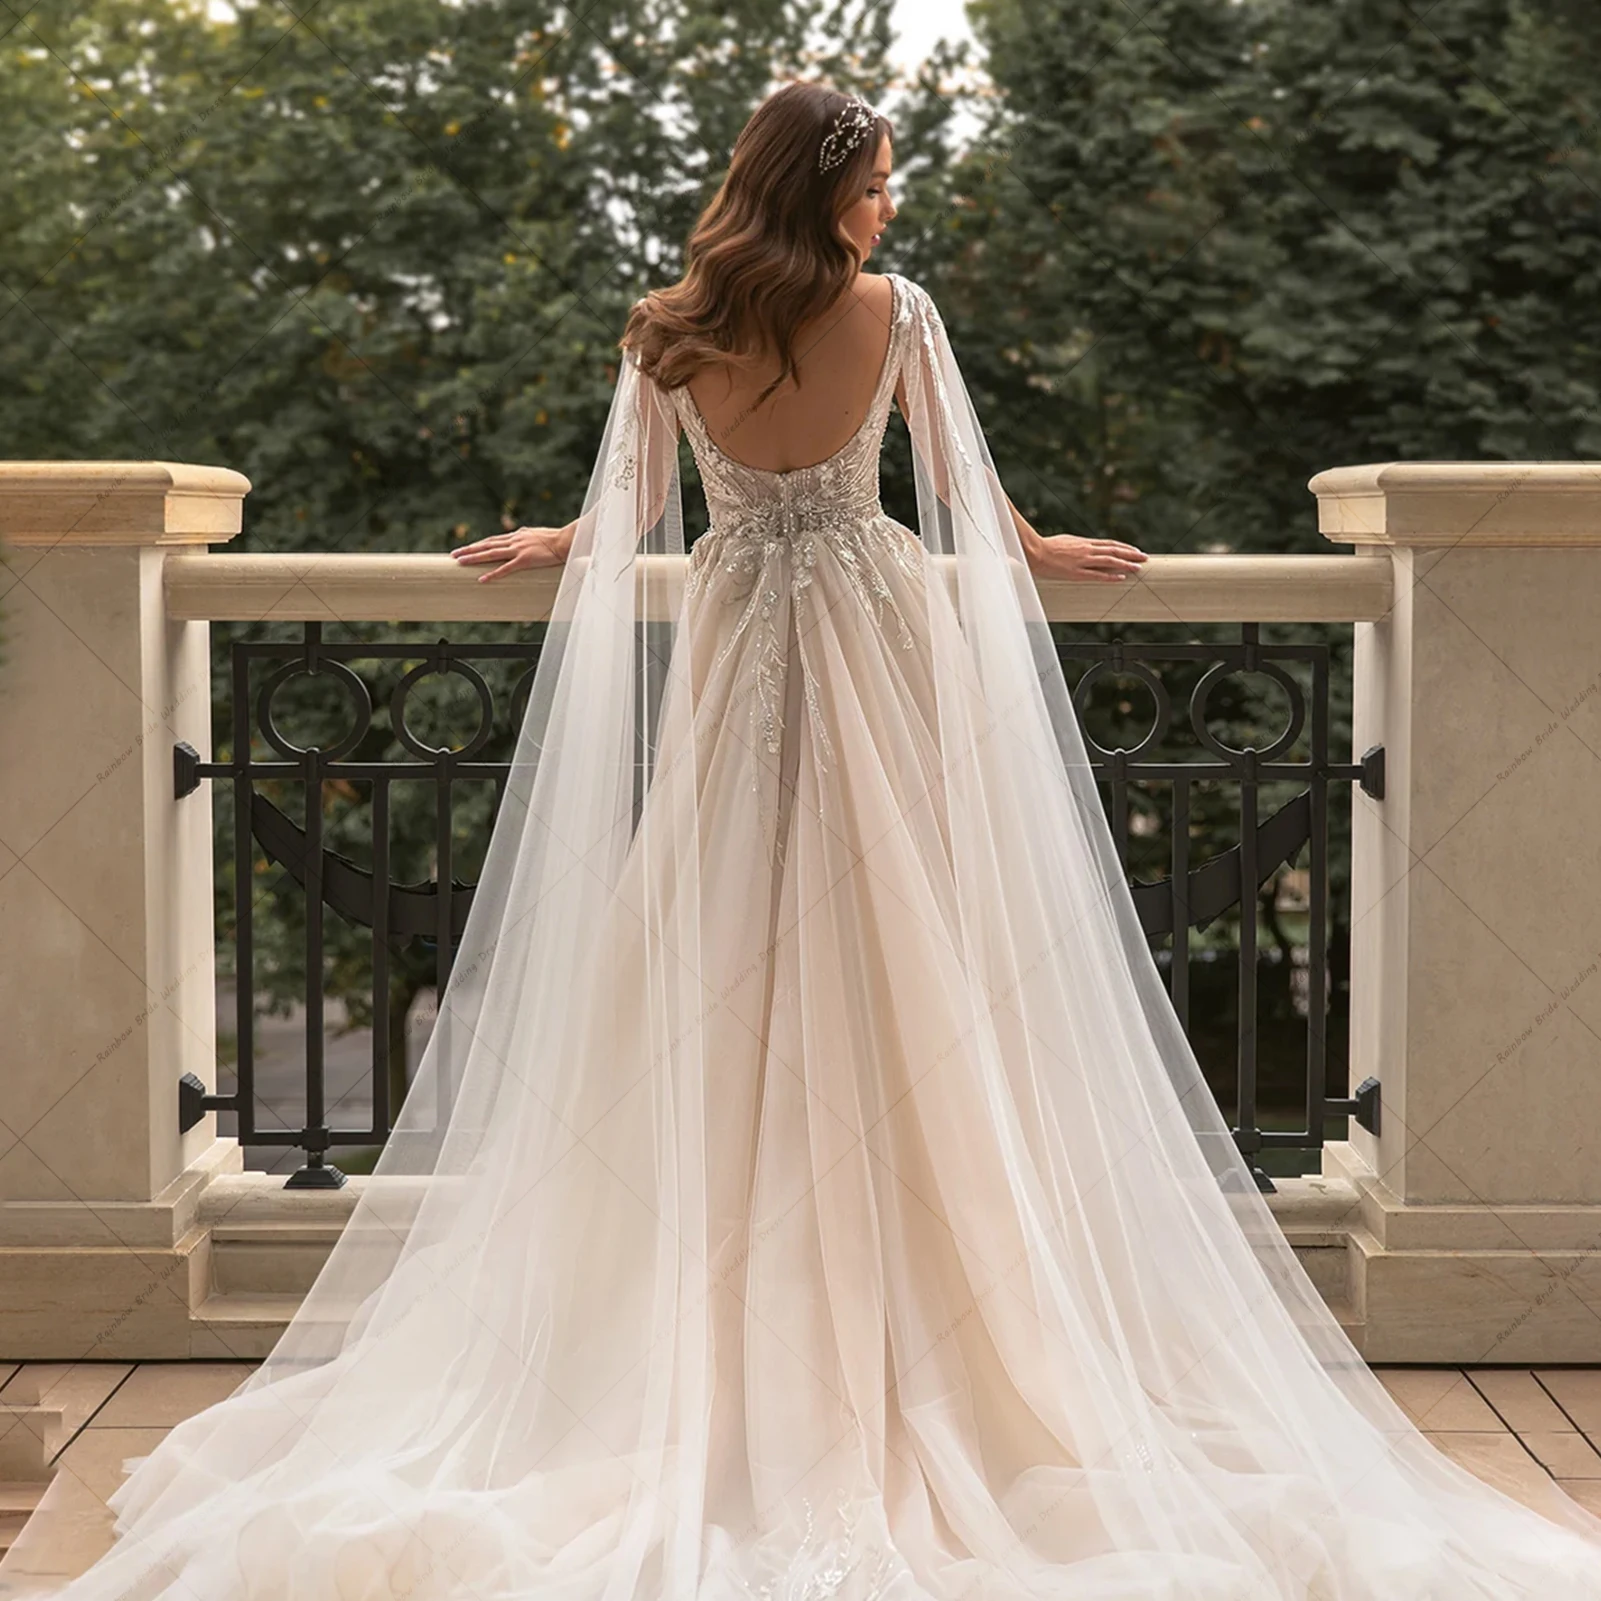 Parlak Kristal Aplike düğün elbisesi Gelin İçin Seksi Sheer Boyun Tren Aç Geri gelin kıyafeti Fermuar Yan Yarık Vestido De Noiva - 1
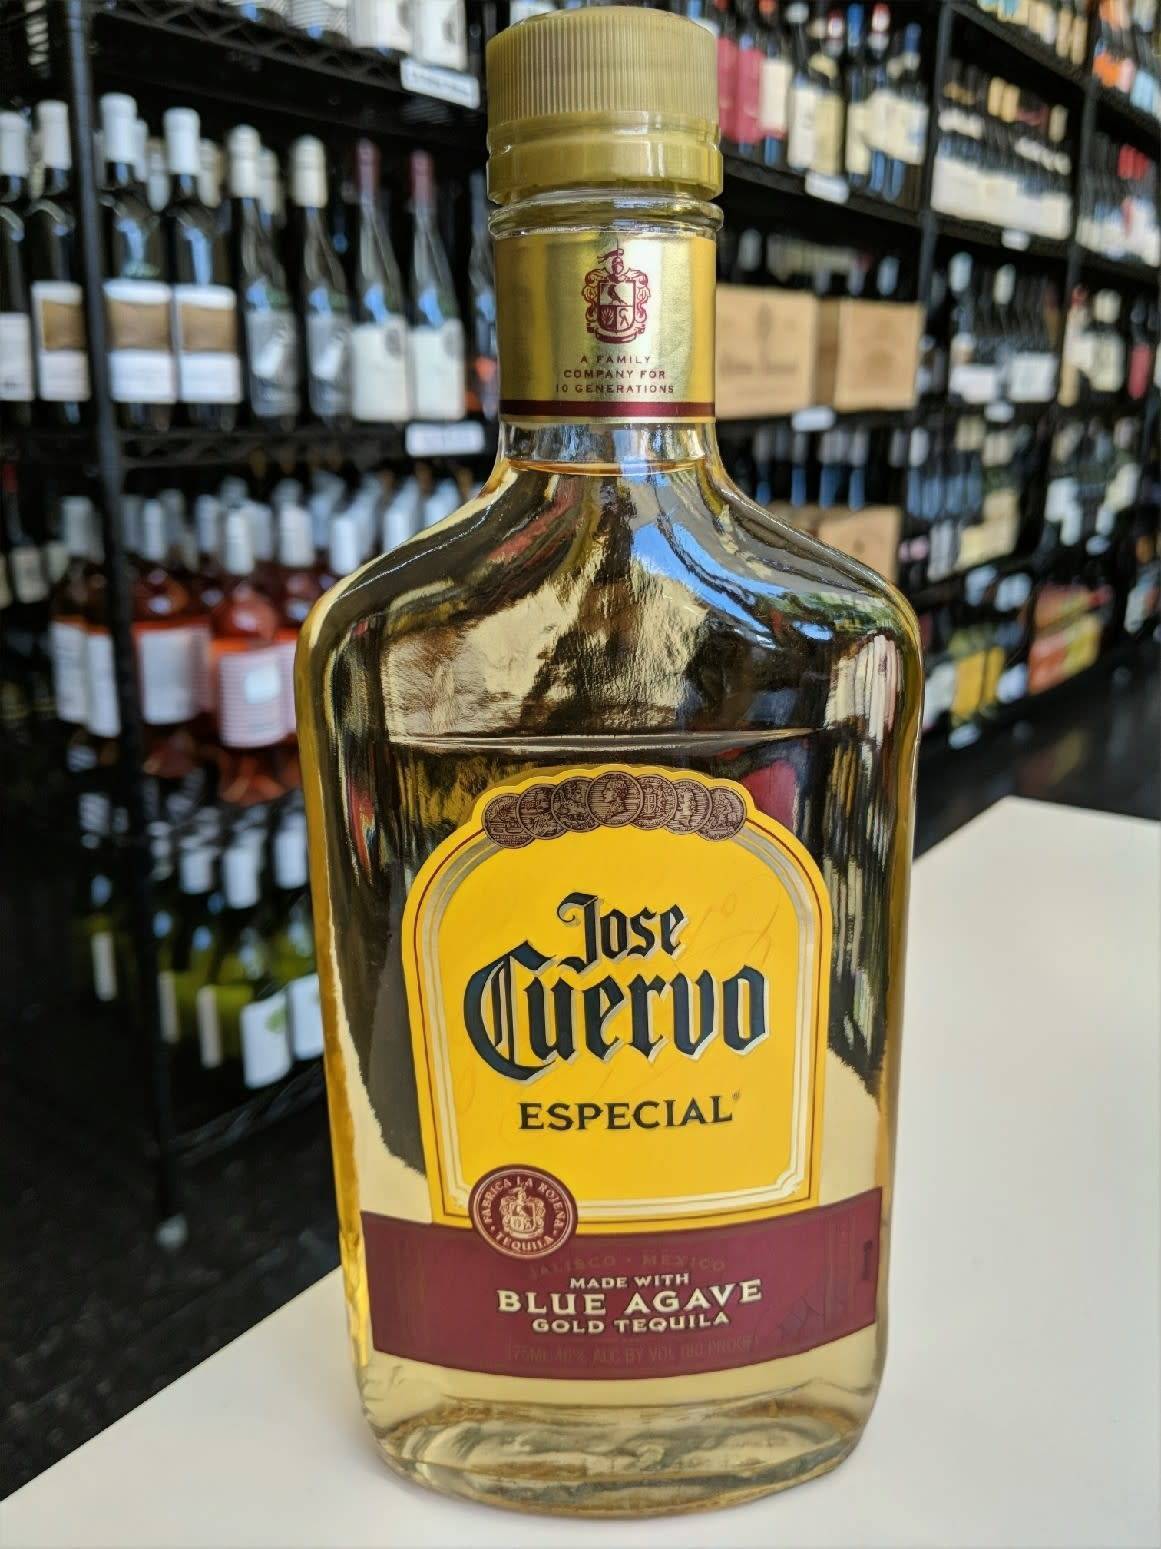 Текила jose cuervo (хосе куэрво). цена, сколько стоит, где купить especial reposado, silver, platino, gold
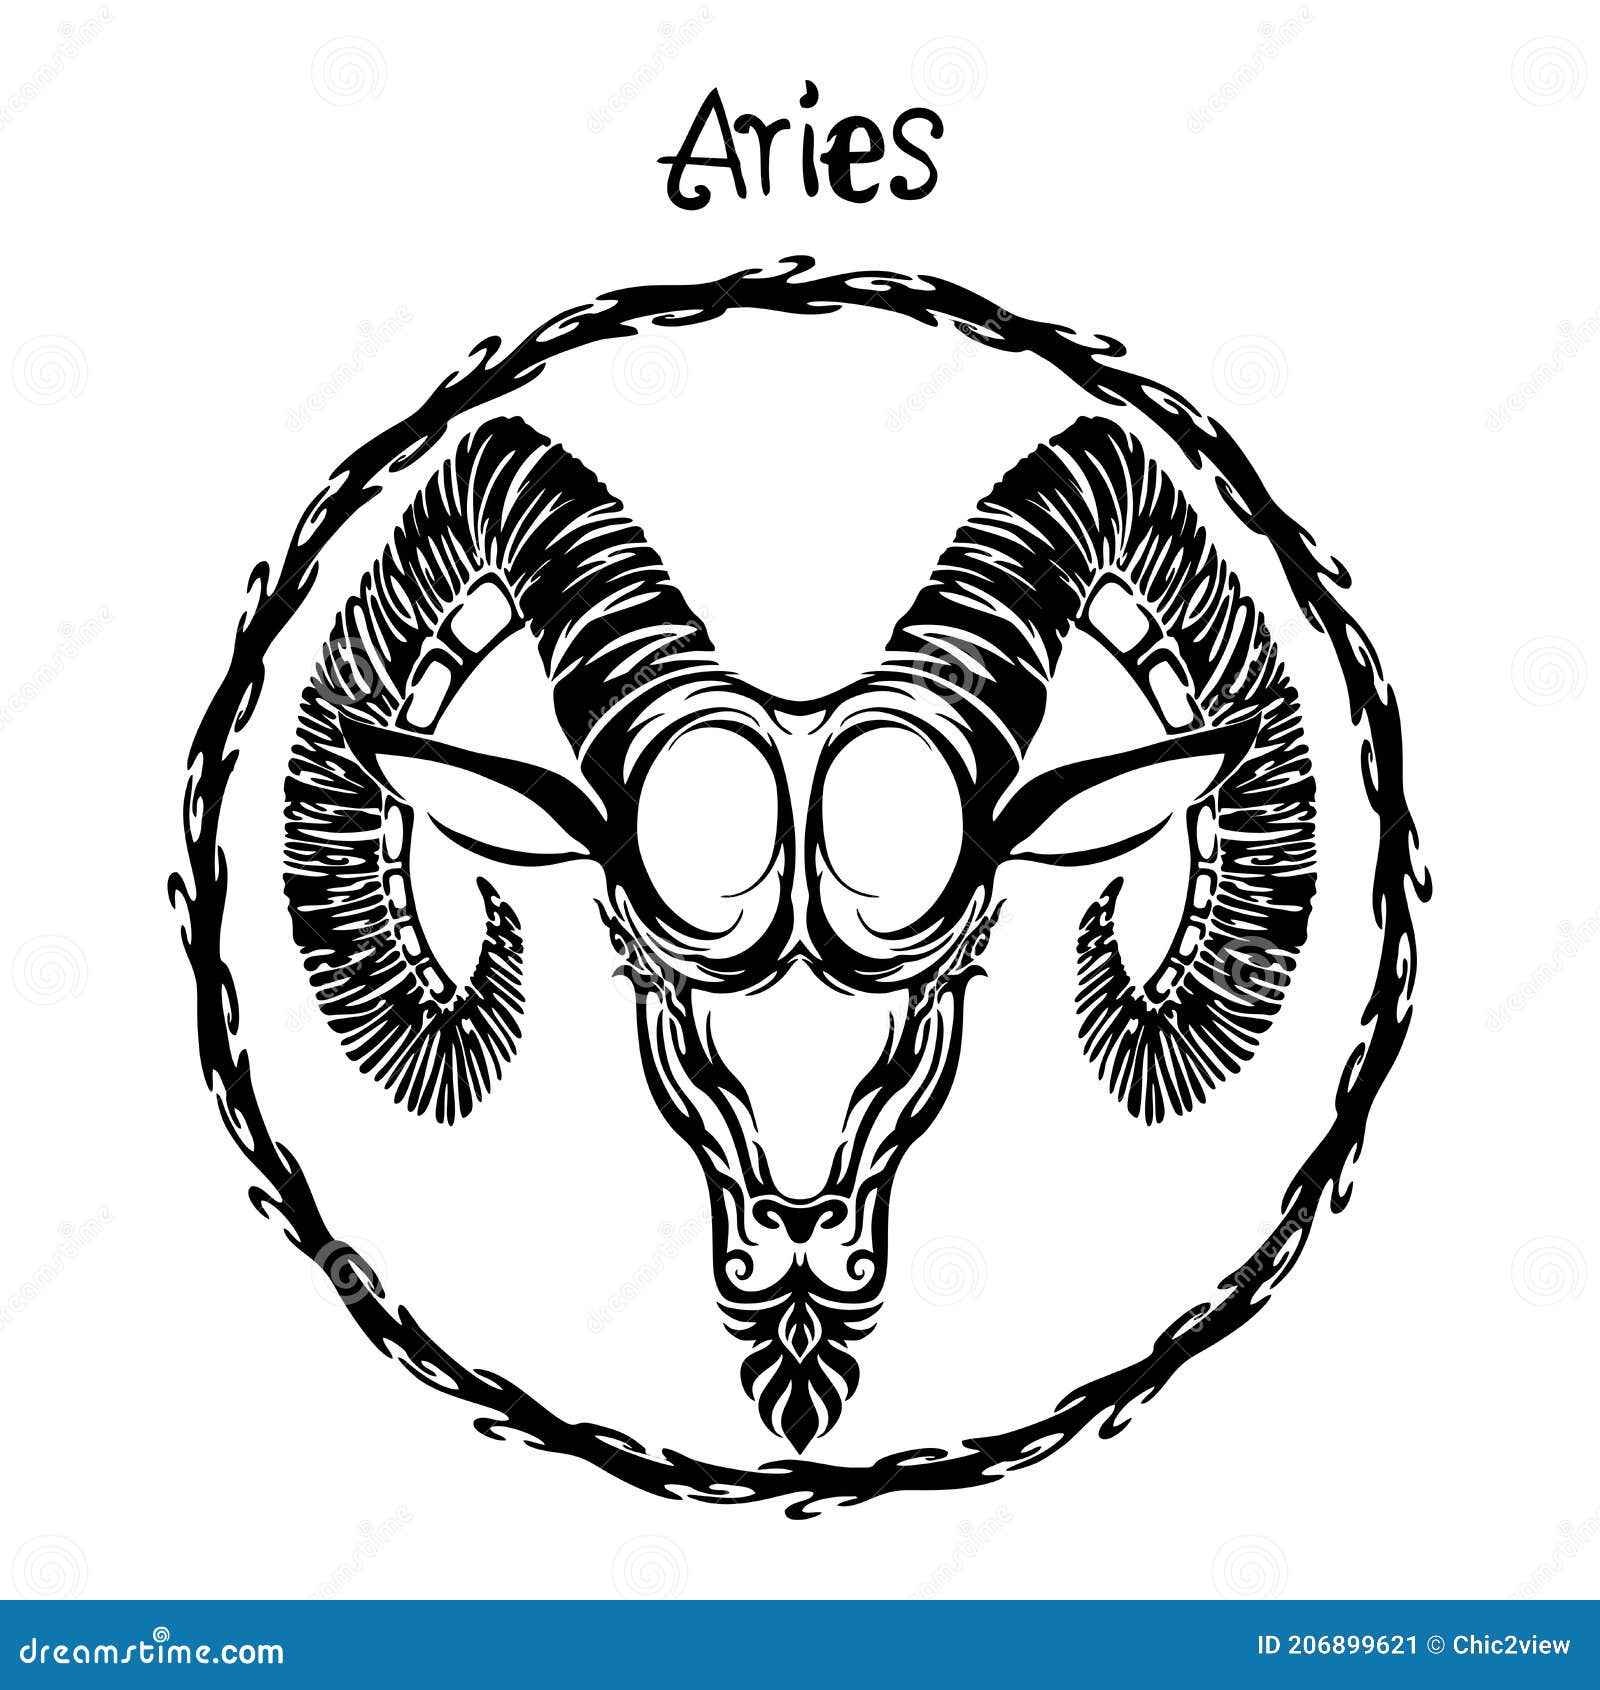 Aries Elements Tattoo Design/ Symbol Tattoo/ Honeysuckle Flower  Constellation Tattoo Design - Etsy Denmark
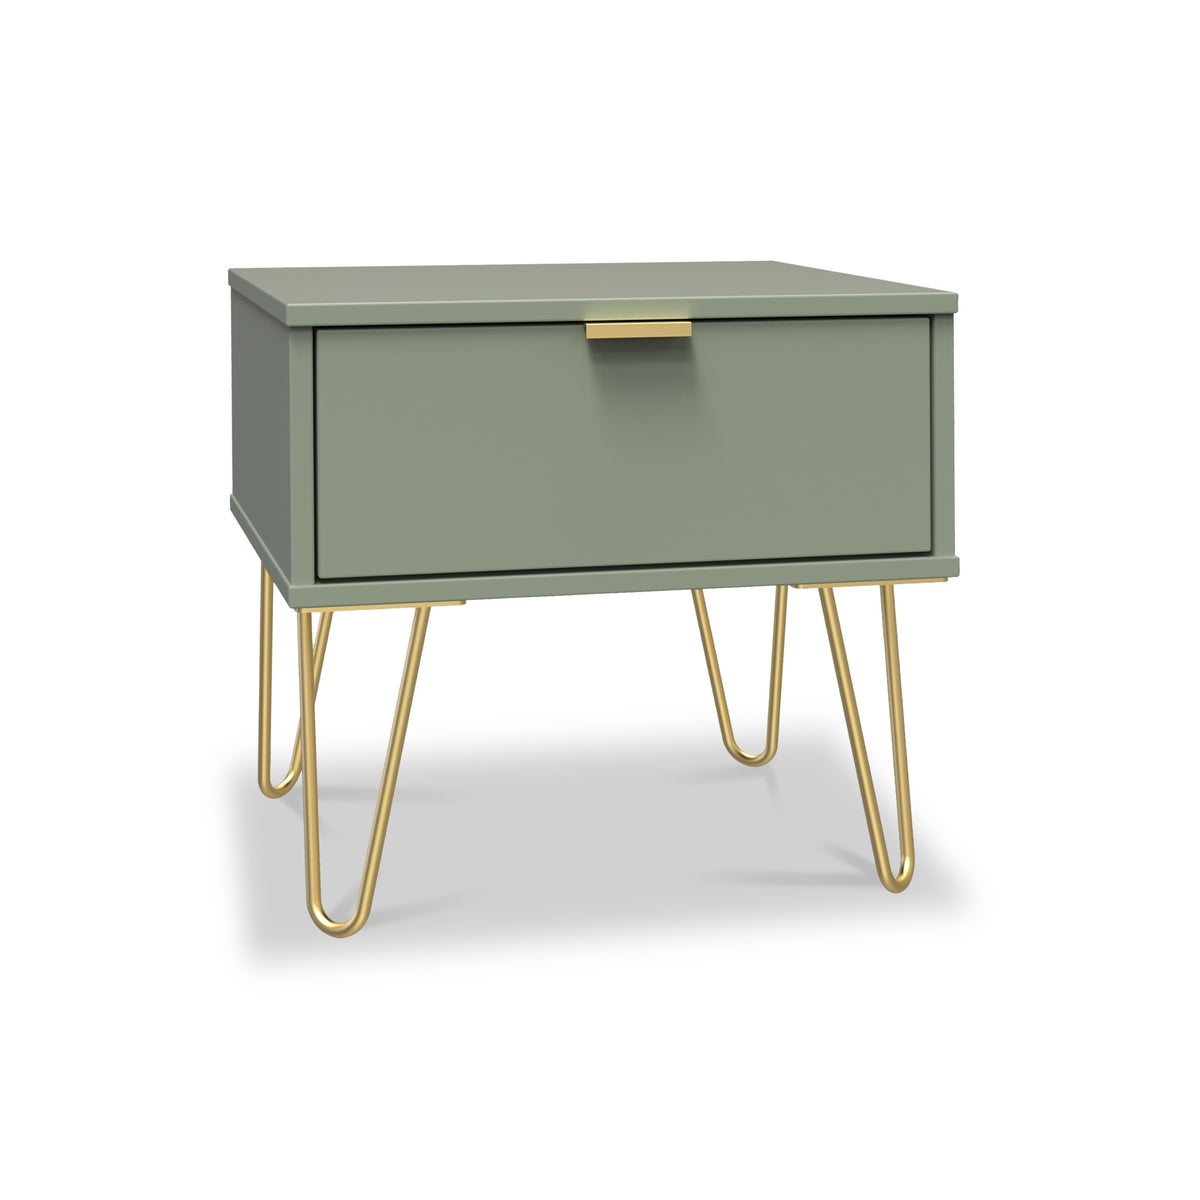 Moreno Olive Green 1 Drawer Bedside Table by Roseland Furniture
- - - - - - -
**Exercise**
Copy each line above precisely, dropping the pictures.

**Response**
 Parlak Kristal Aplike düğün elbisesi Gelin İçin Seksi Sheer Boyun Tren Aç Geri gelin kıyafeti Fermuar Yan Yarık Vestido De Noiva - 1
 Текила jose cuervo (хосе куэрво). цена, сколько стоит, где купить especial reposado, silver, platino, gold
 Aries Elements Tattoo Design/ Symbol Tattoo/ Honeysuckle Flower  Constellation Tattoo Design - Etsy Denmark
 Moreno Olive Green 1 Drawer Bedside Table by Roseland Furniture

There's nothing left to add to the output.